> _Supplied information_
====

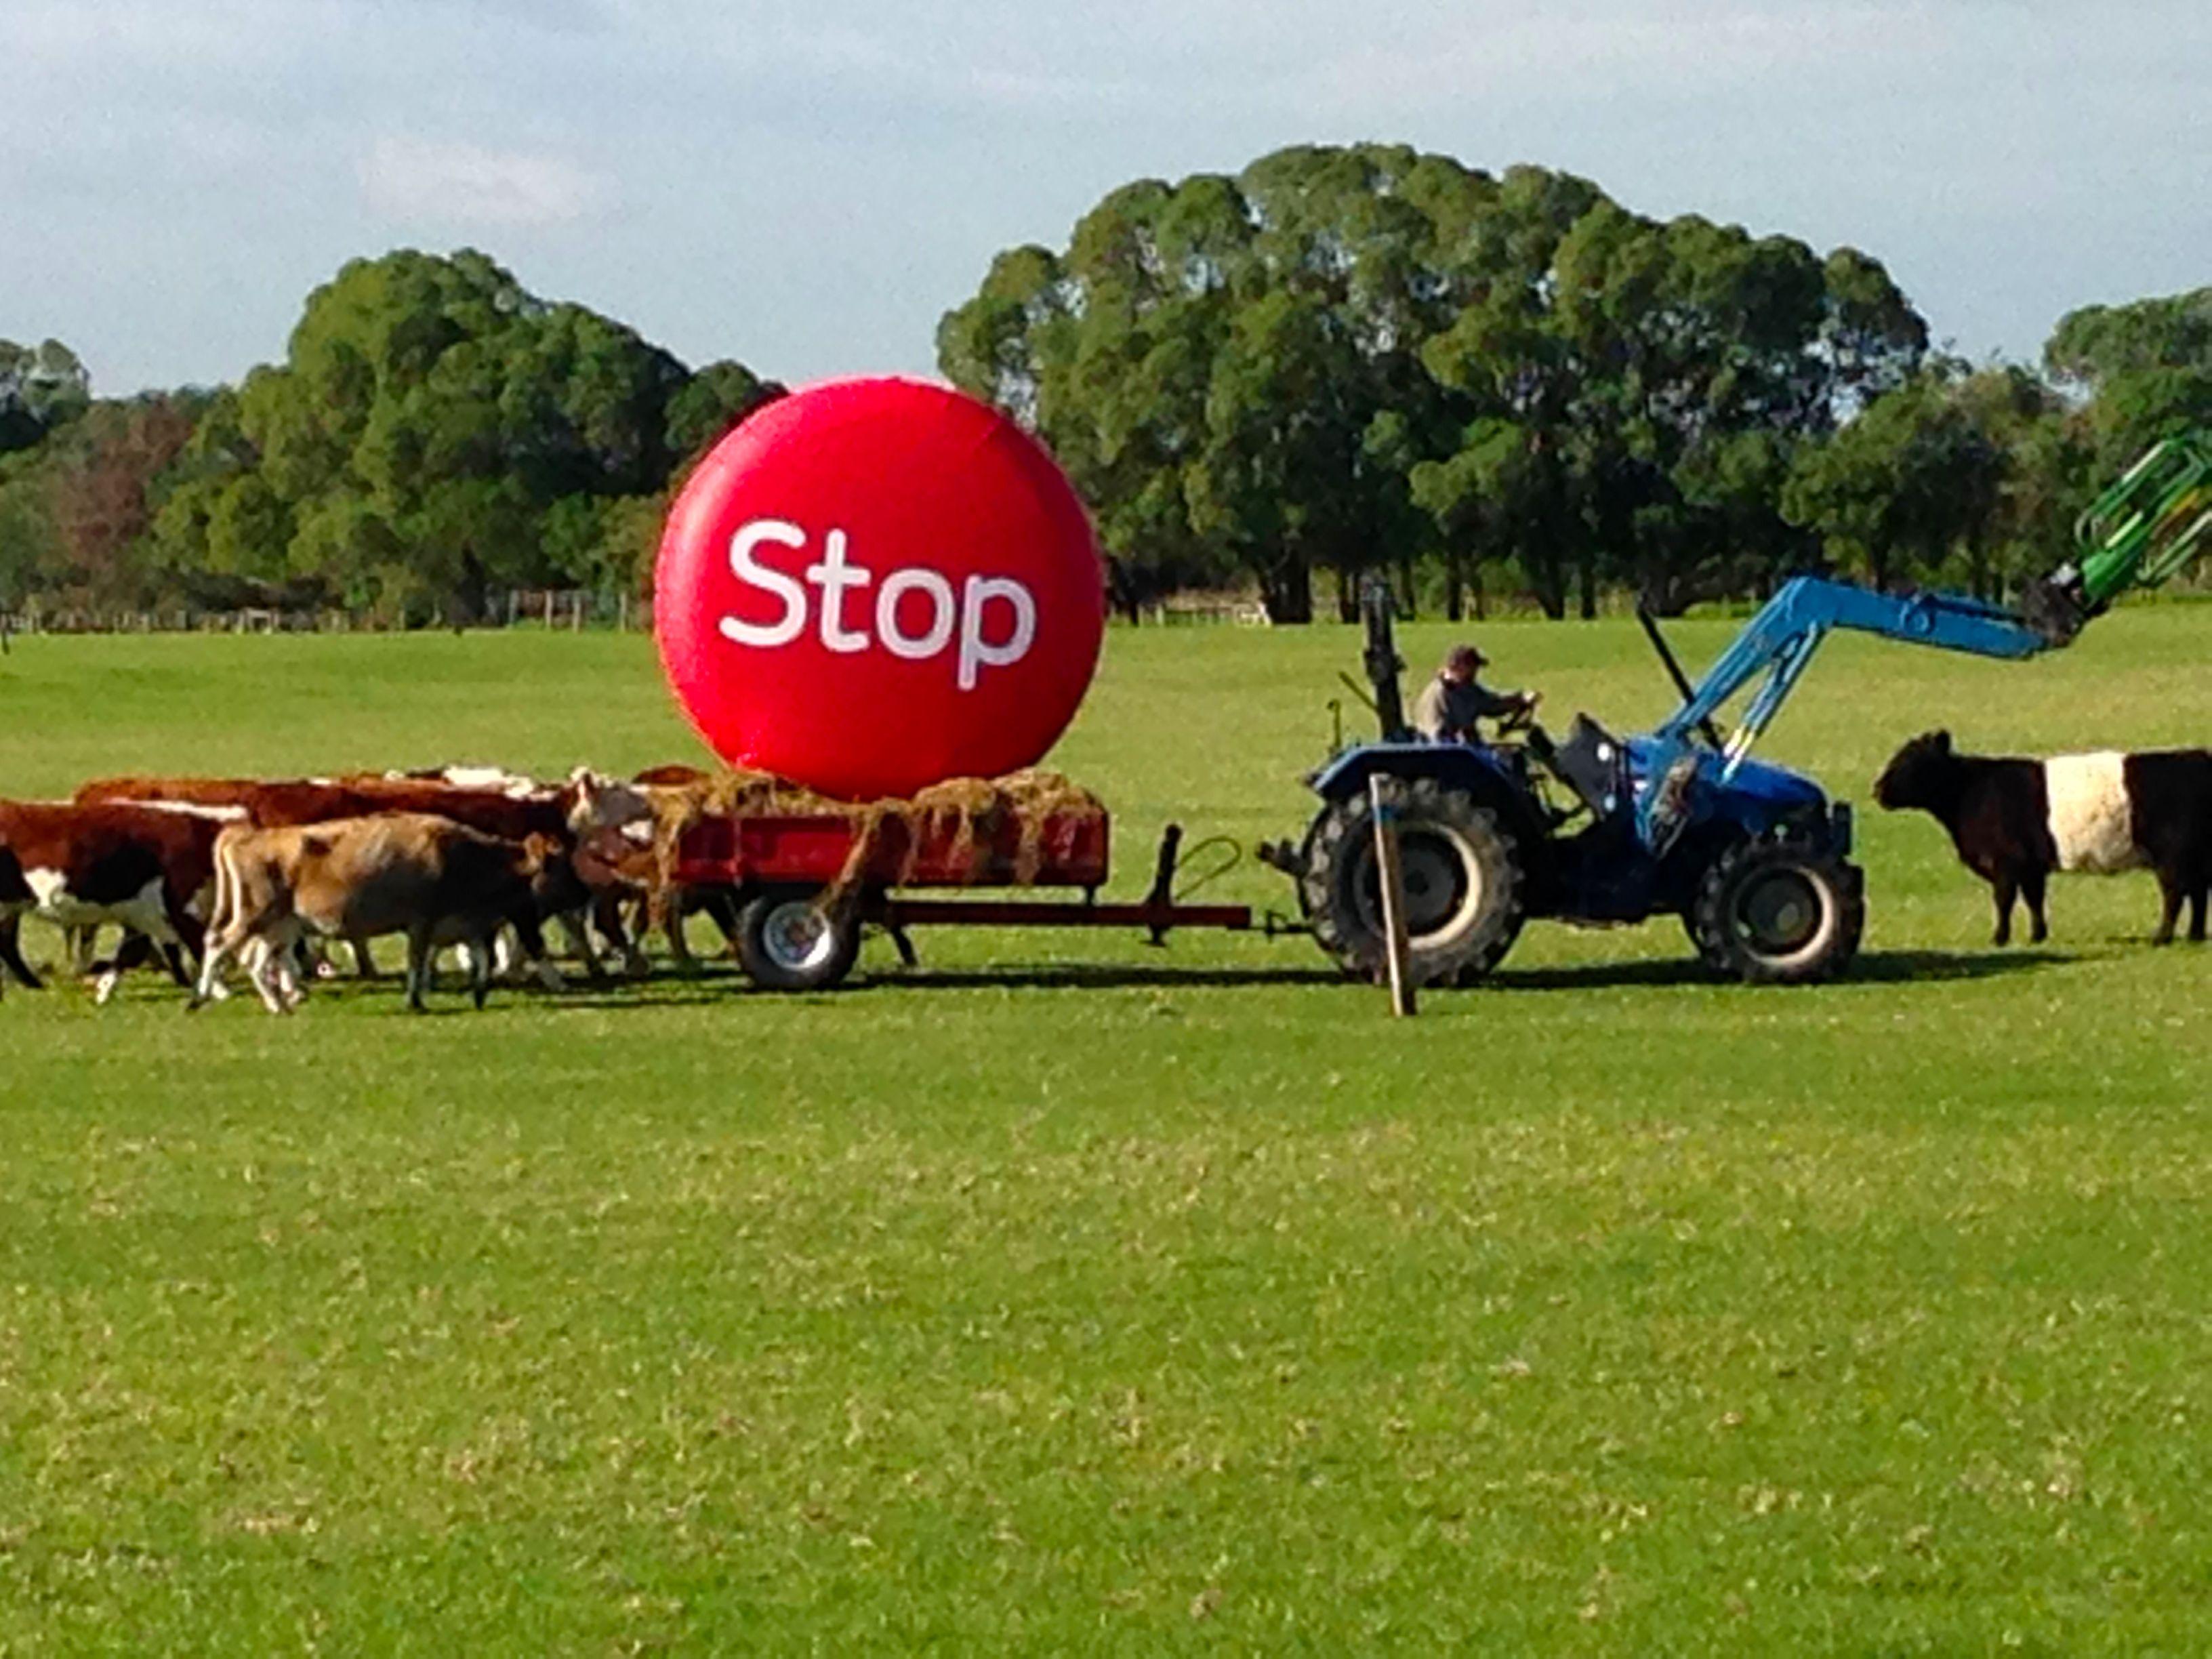 Get ready to STOP! www.stoptobernz.co.nz
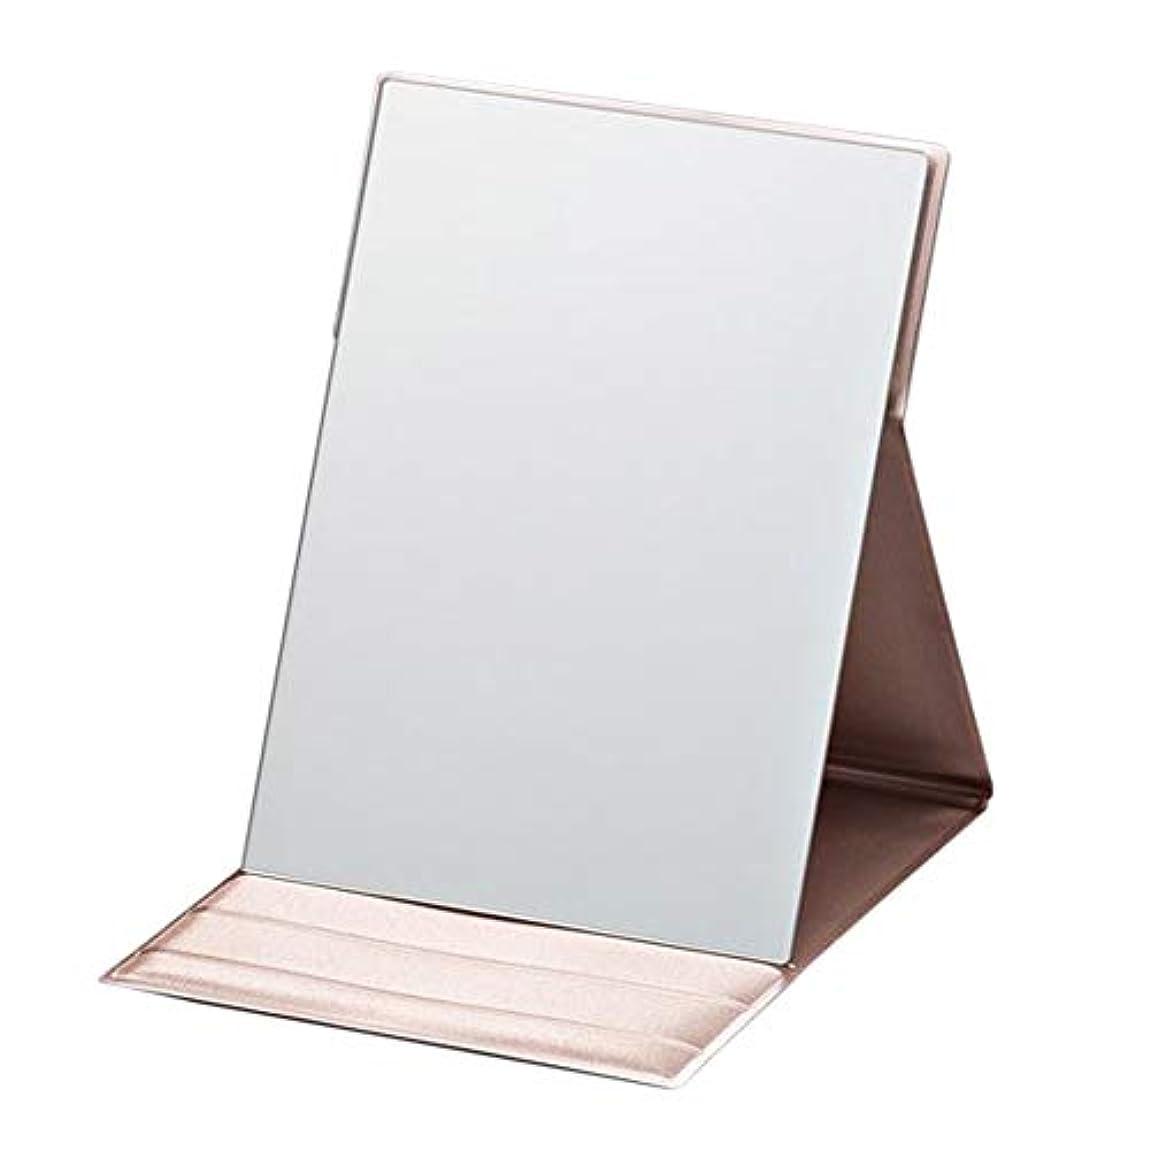 を通してトラブル生き物プロモデル折立 M ピンクゴールド 折り畳み式化粧鏡
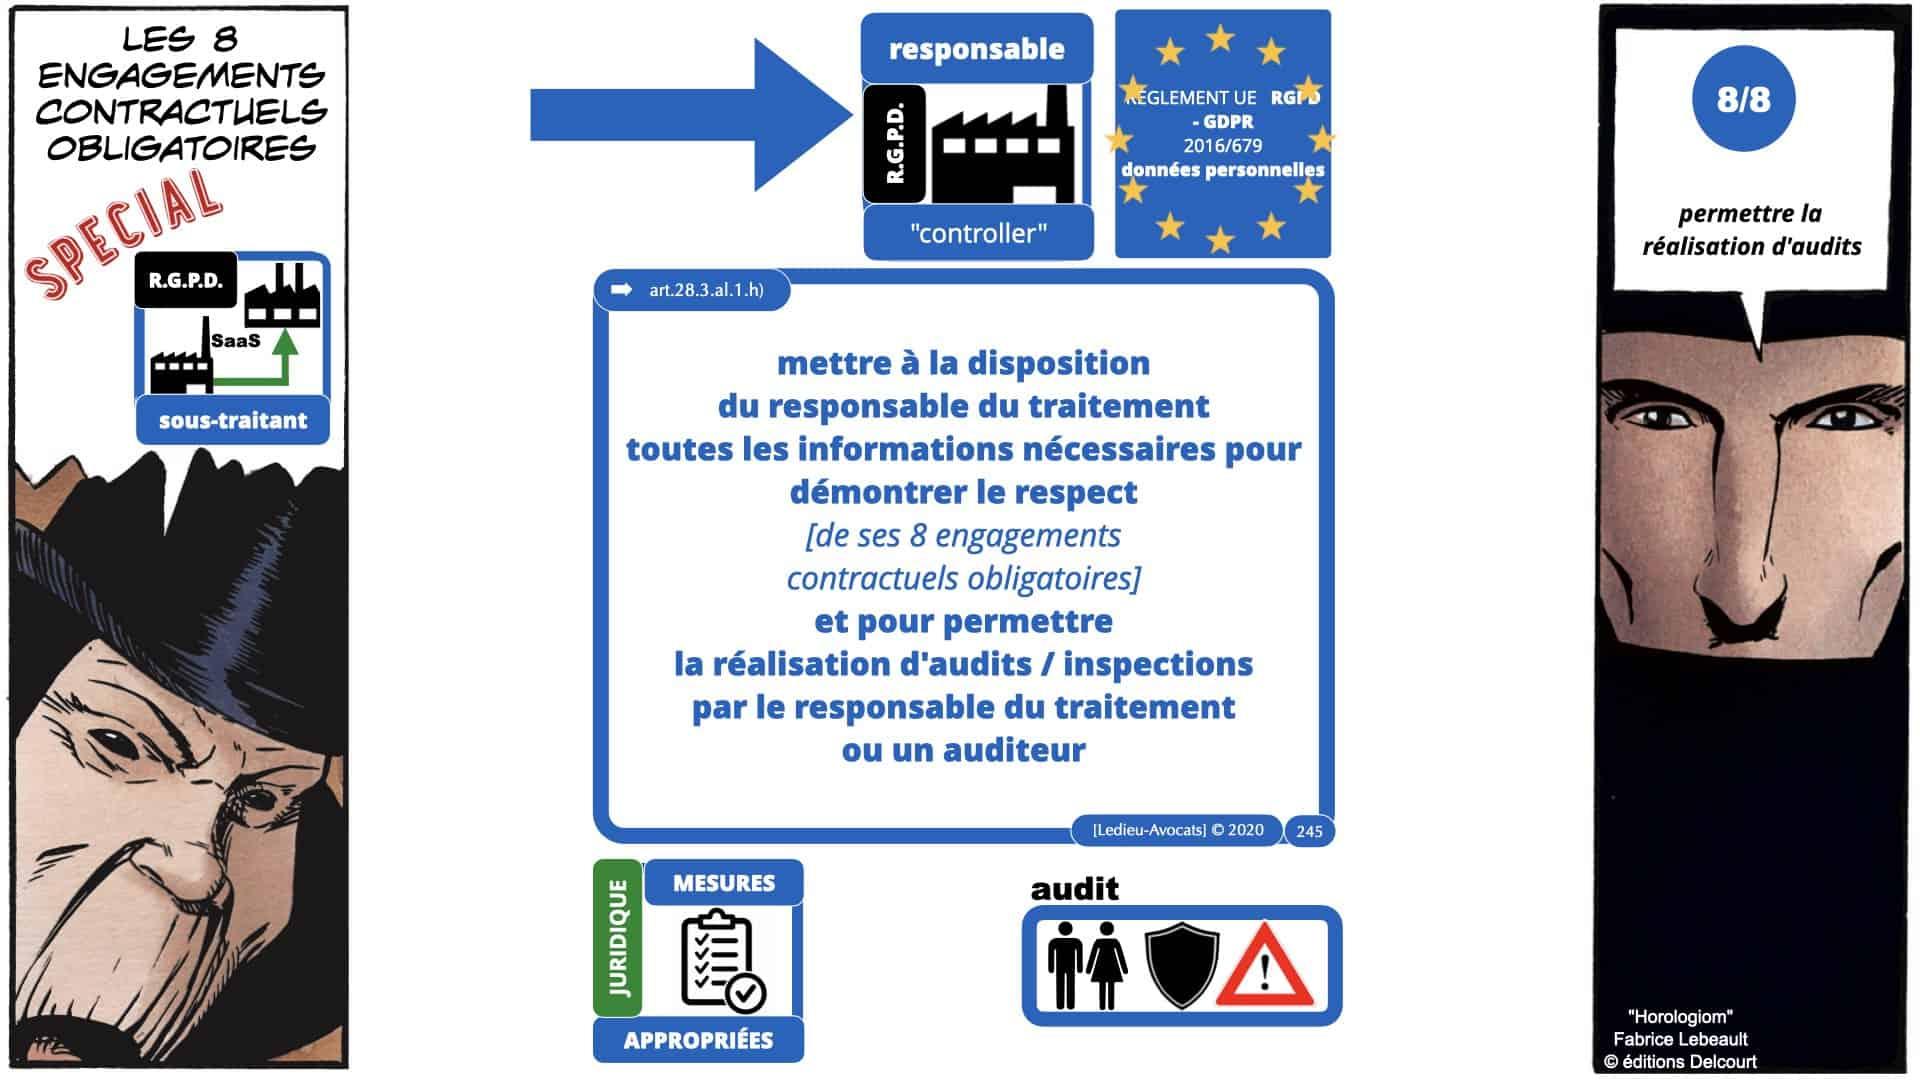 RGPD e-Privacy données personnelles jurisprudence formation Lamy Les Echos 10-02-2021 ©Ledieu-Avocats.245
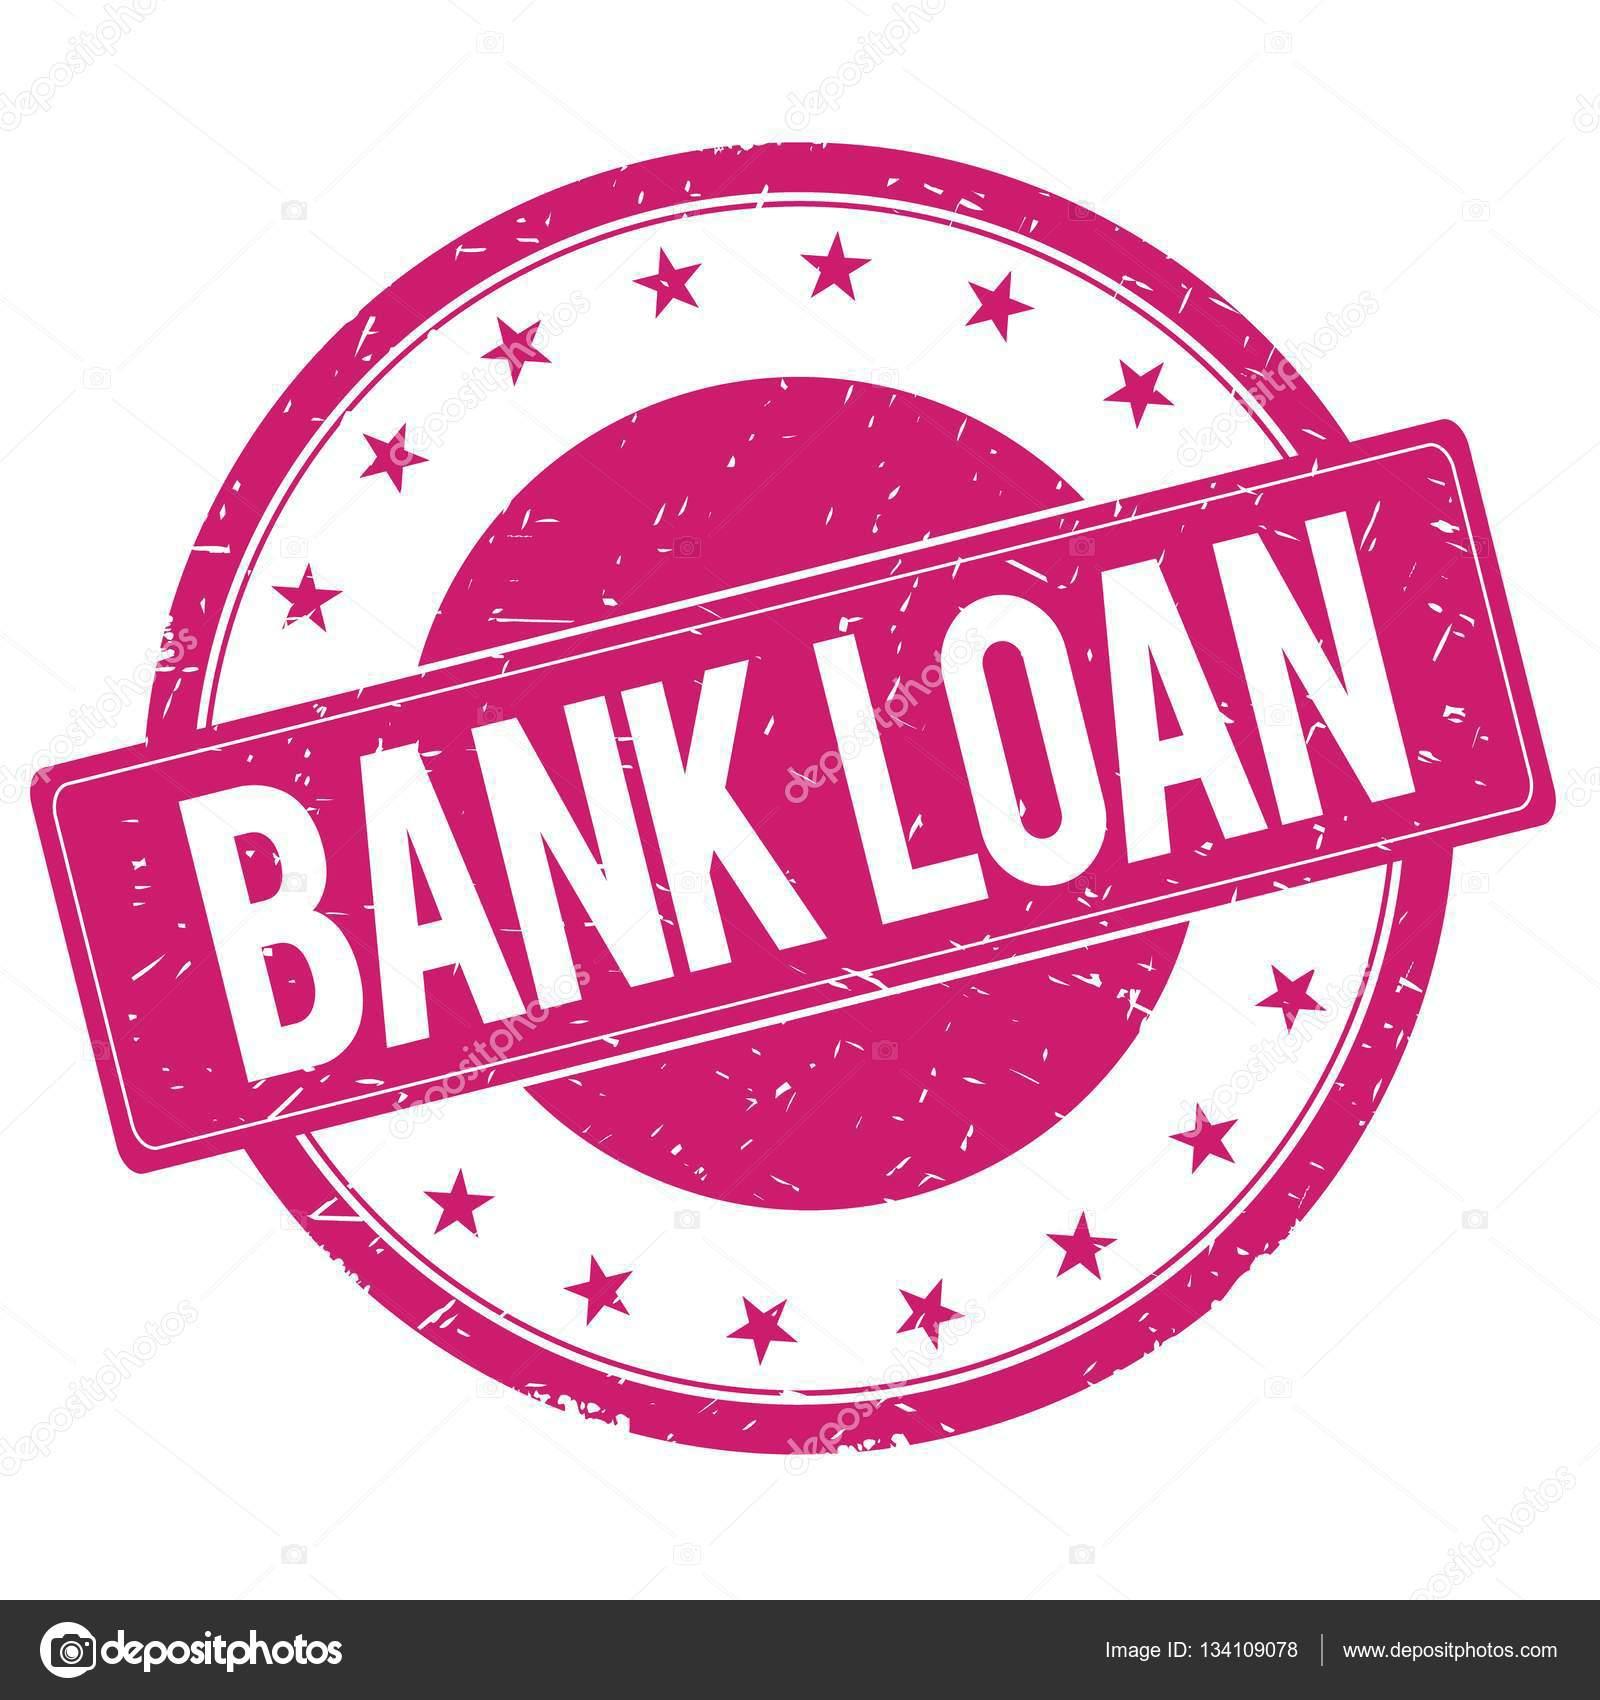 Půjčka zástava image 1

====

> _Required work_
None of the pictures should appear, though every line of the data above must be reproduced exactly.

> _Task answer_
 Get ready to STOP! www.stoptobernz.co.nz
 を通してトラブル生き物プロモデル折立 M ピンクゴールド 折り畳み式化粧鏡
 RGPD e-Privacy données personnelles jurisprudence formation Lamy Les Echos 10-02-2021 ©Ledieu-Avocats.245
 Půjčka zástava image 1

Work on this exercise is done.